A wildlife charity is protesting at plans to site a wind farm off the Wyre coast – claiming rare ducks will be adversely affected if it’s built.
The Royal Society for the Protection of Birds is urging residents to write to the Prime Minister to protest against the wind farm sheme earmarked for Shell Flat, 7km off the Cleveleys shoreline.
The charity says the 90-turbine wind farm, capable of producing enough energy to power the Fylde coast, will scare the common scoter, a rare duck which nests at Shell Flat every winter.
More than 400 boat trips would be necessary to carry crews out to service and maintain the 160-metre tall turbines.

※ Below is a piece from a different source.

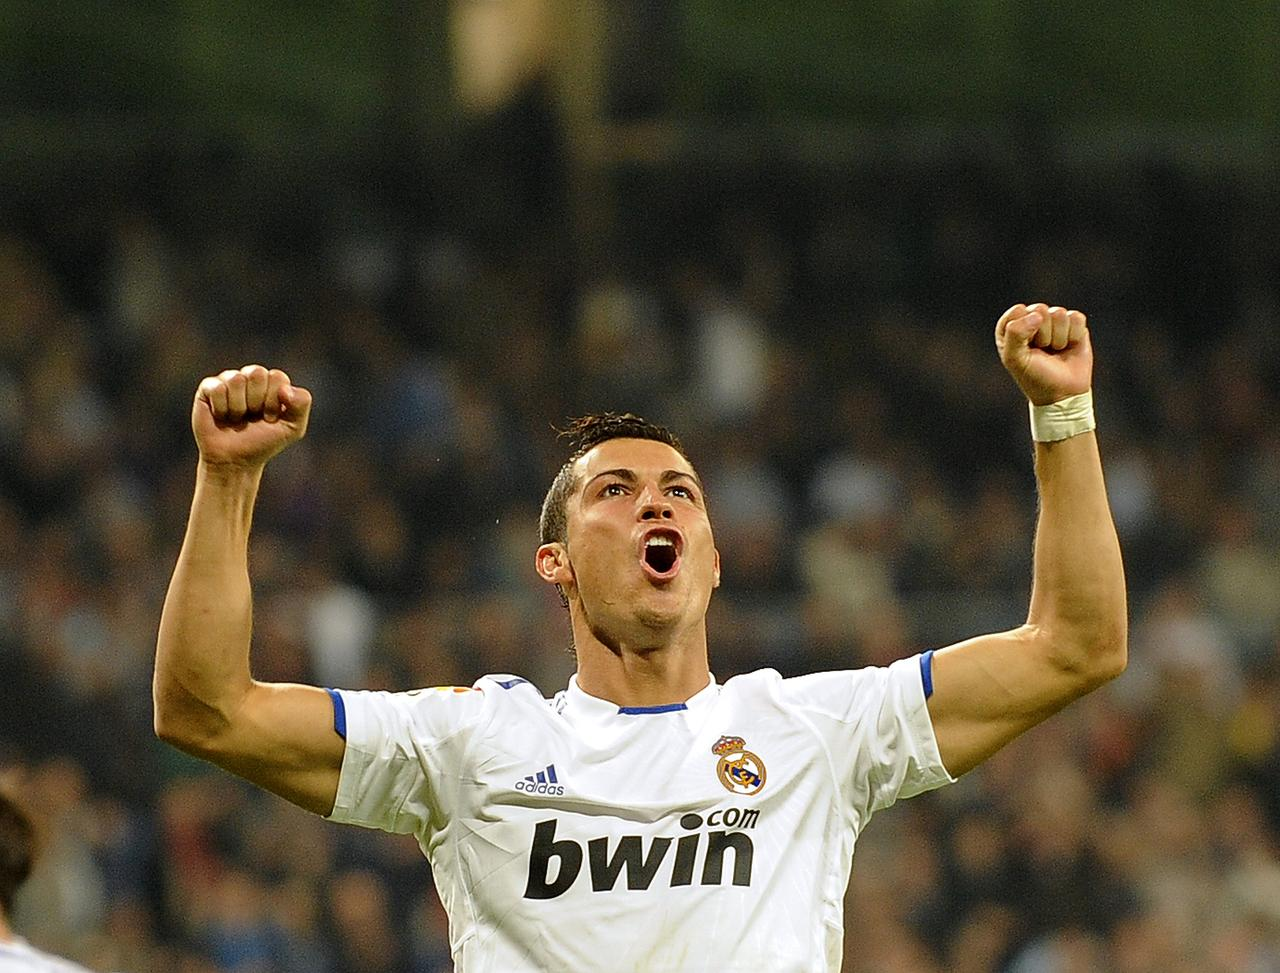 http://1.bp.blogspot.com/-2dhxPT7Svf0/TwxygIjvAkI/AAAAAAAAHy0/r4vtI63yN9M/s1600/Cristiano-Ronaldo-Real-Madrid-Celebration-Goal-Photos.jpg

Thousands of scoters, officially an endangered species, could be terrified into taking flight during the winter and will die from exhaustion, warns the RSPB.
The RSPB’s new Safeguard Our Sea Life campaign highlights the dangers to the common scoter, saying the ducks panic easily and will be driven away from Shell Flat by the turbines.

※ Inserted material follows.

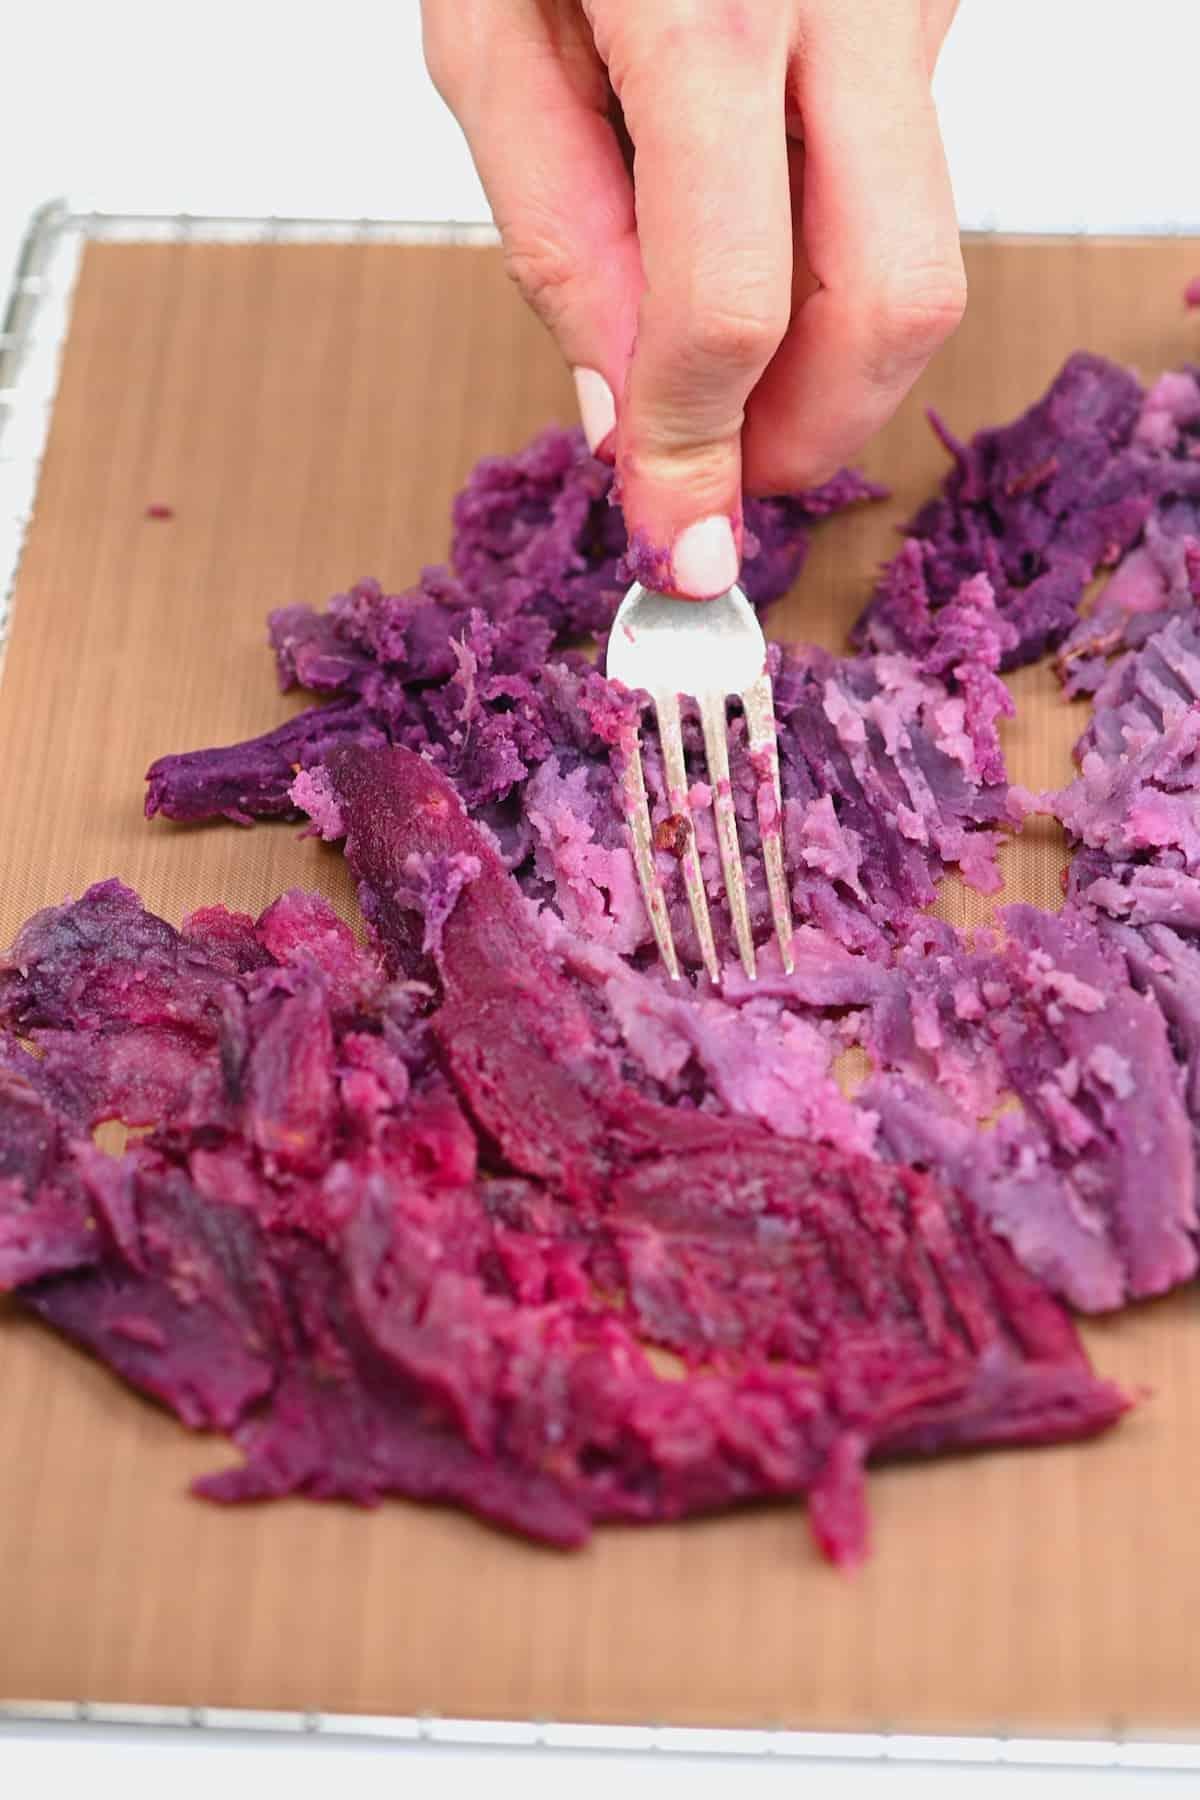 Mashing baked purple sweet potato

The latest objection to the wind farm follows objections from English Nature, Fleetwood fishermen, Wyre Council, the Ministry of Defence and botanist Sir David Bellamy.
Malcolm Garrity of Scottish Power, one of the three power company backers, responded: “Economics will eventually dictate the cut off point if we can’t mitigate against all the objections.”

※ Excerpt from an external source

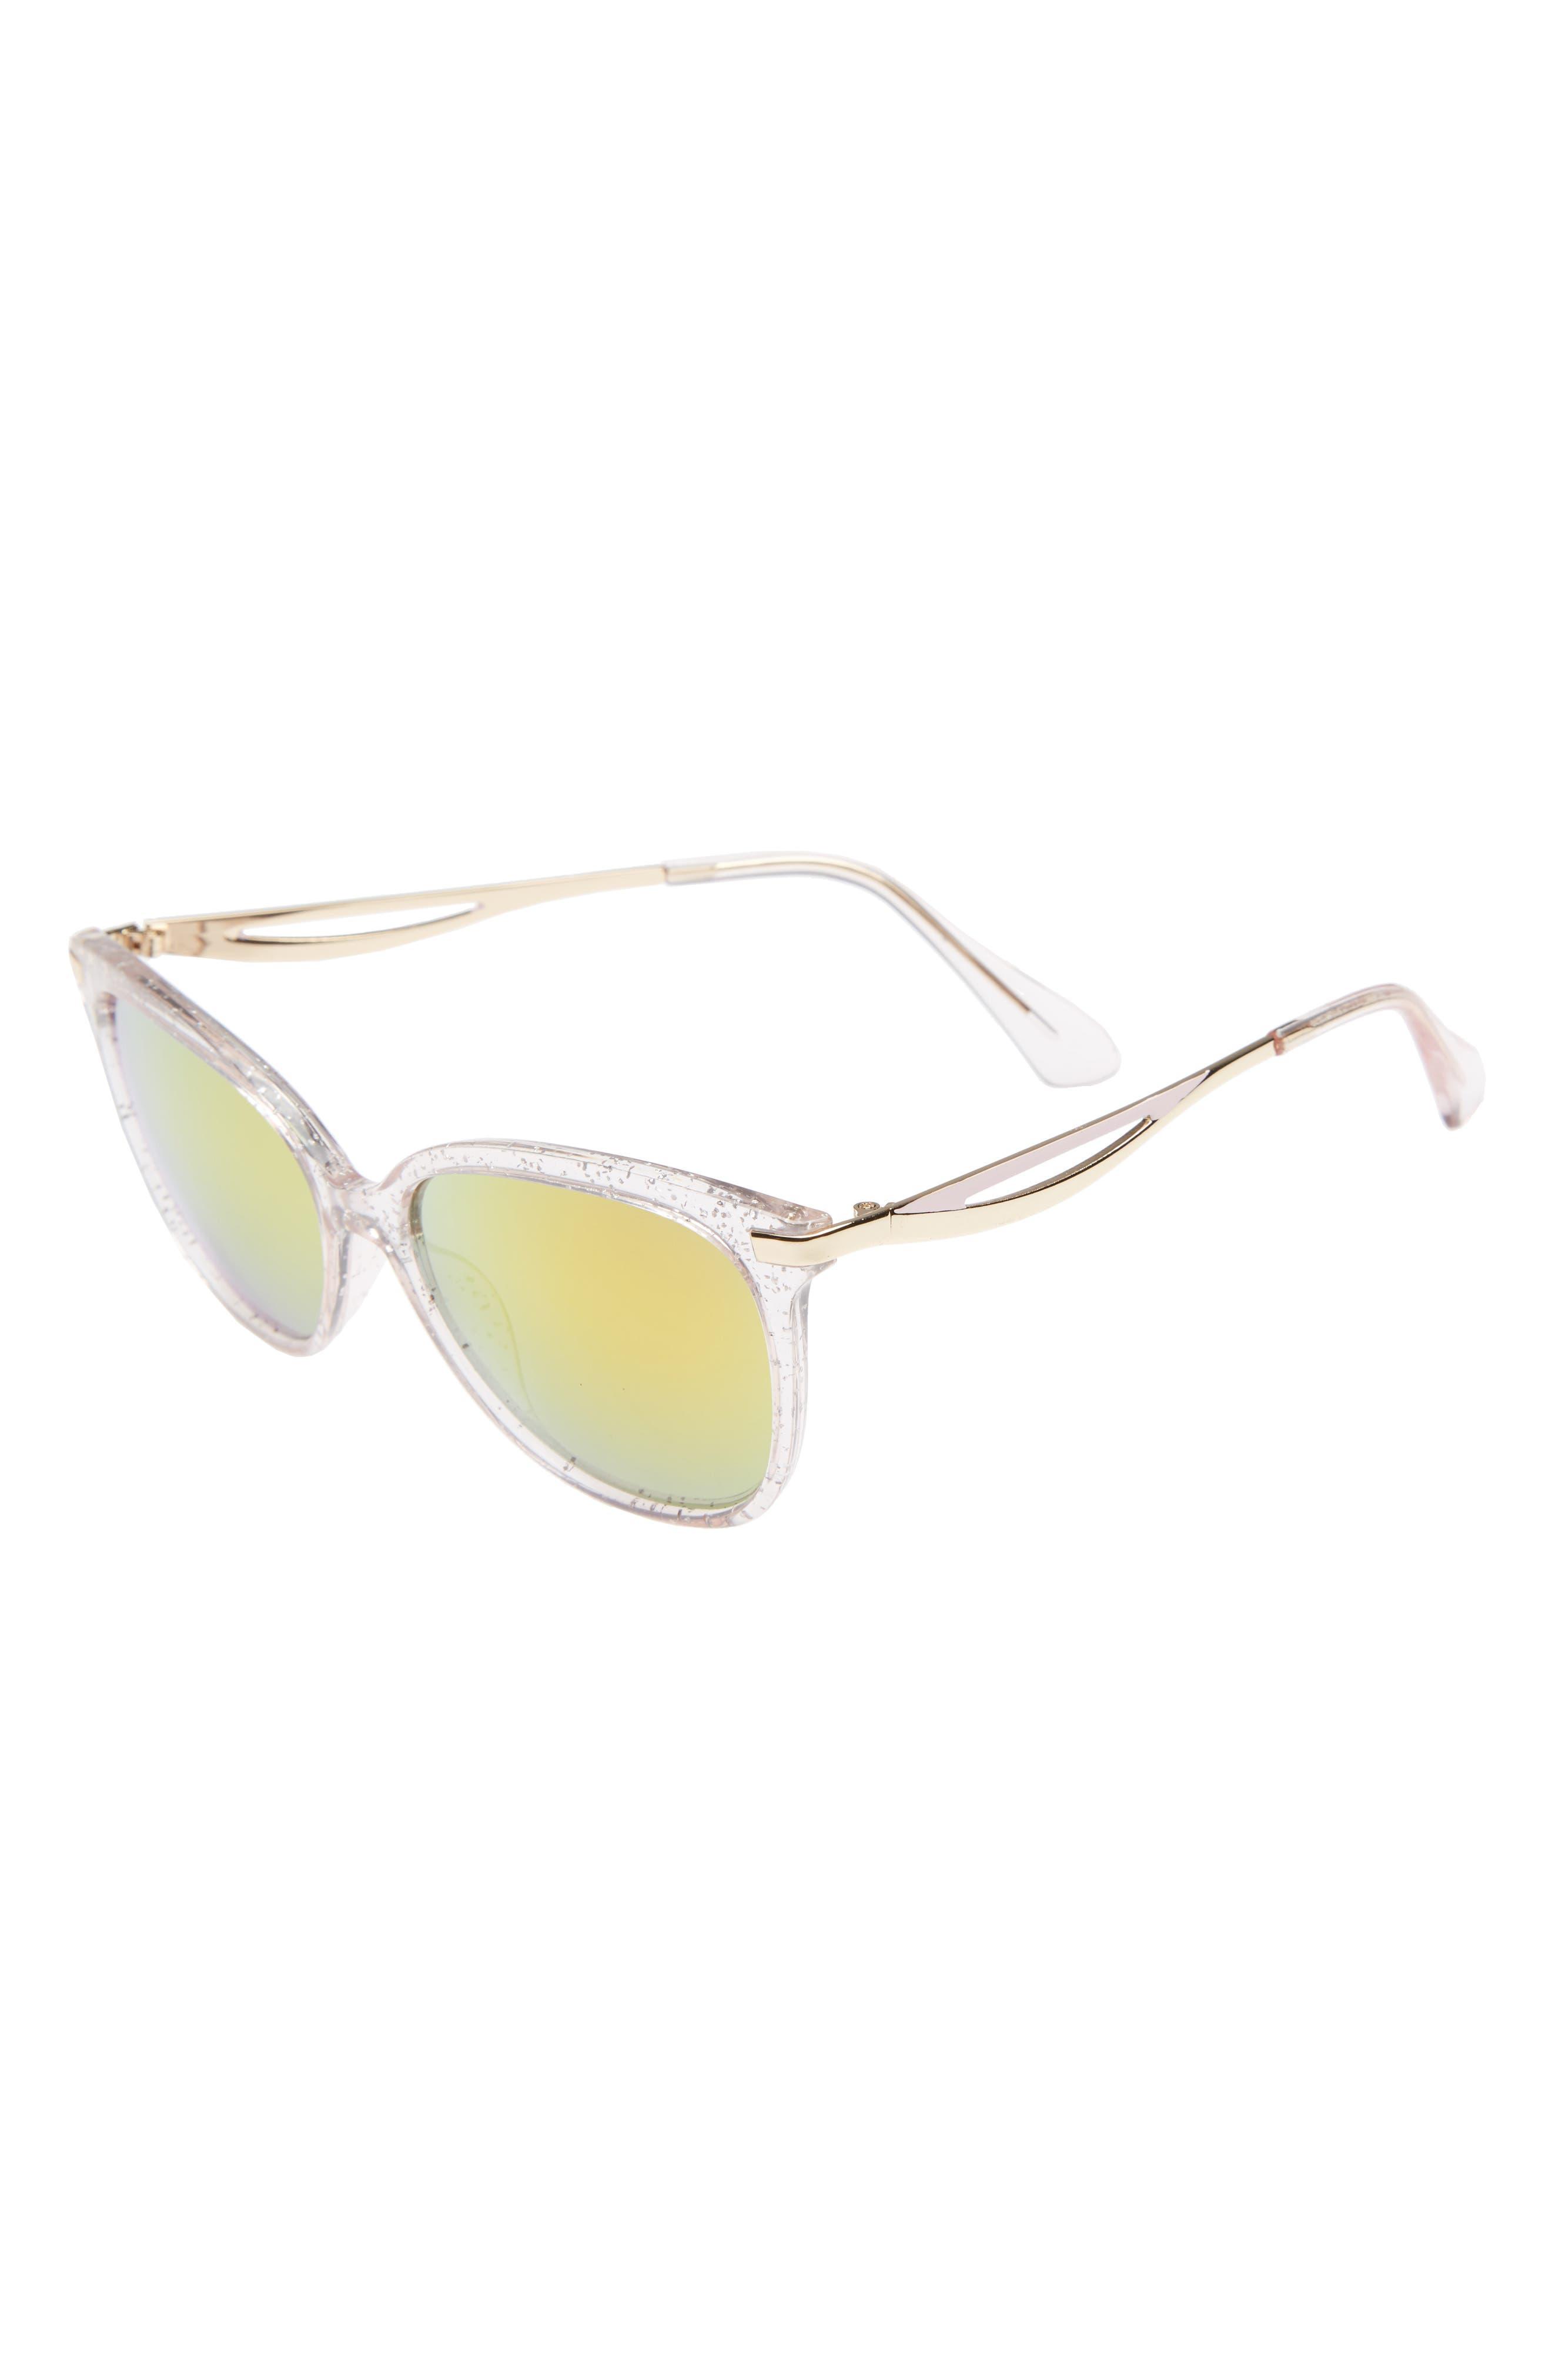 Fantas Eyes Sadie 45mm Glitter Sunglasses (Kids)

The RSPB has now joined forces with other wildlife organisations to call for comprehensive legislation to safeguard marine species and habitats.
As part of the campaign, locals are being urged to sign a postcard or petition the Prime Minister Tony Blair for improved legislation. These postcards are available from the RSPB Ribble Discovery Centre at Fairhaven Lake.
The RSPB has also organised Big Sea Watch events next month to raise awareness of the wealth of bird life off the local coastline and in estuaries. There will be high tide birdwatches at Granny’s Bay, Fairhaven, between 11am and noon on February 12 and from 11.30am to 1pm on February 13.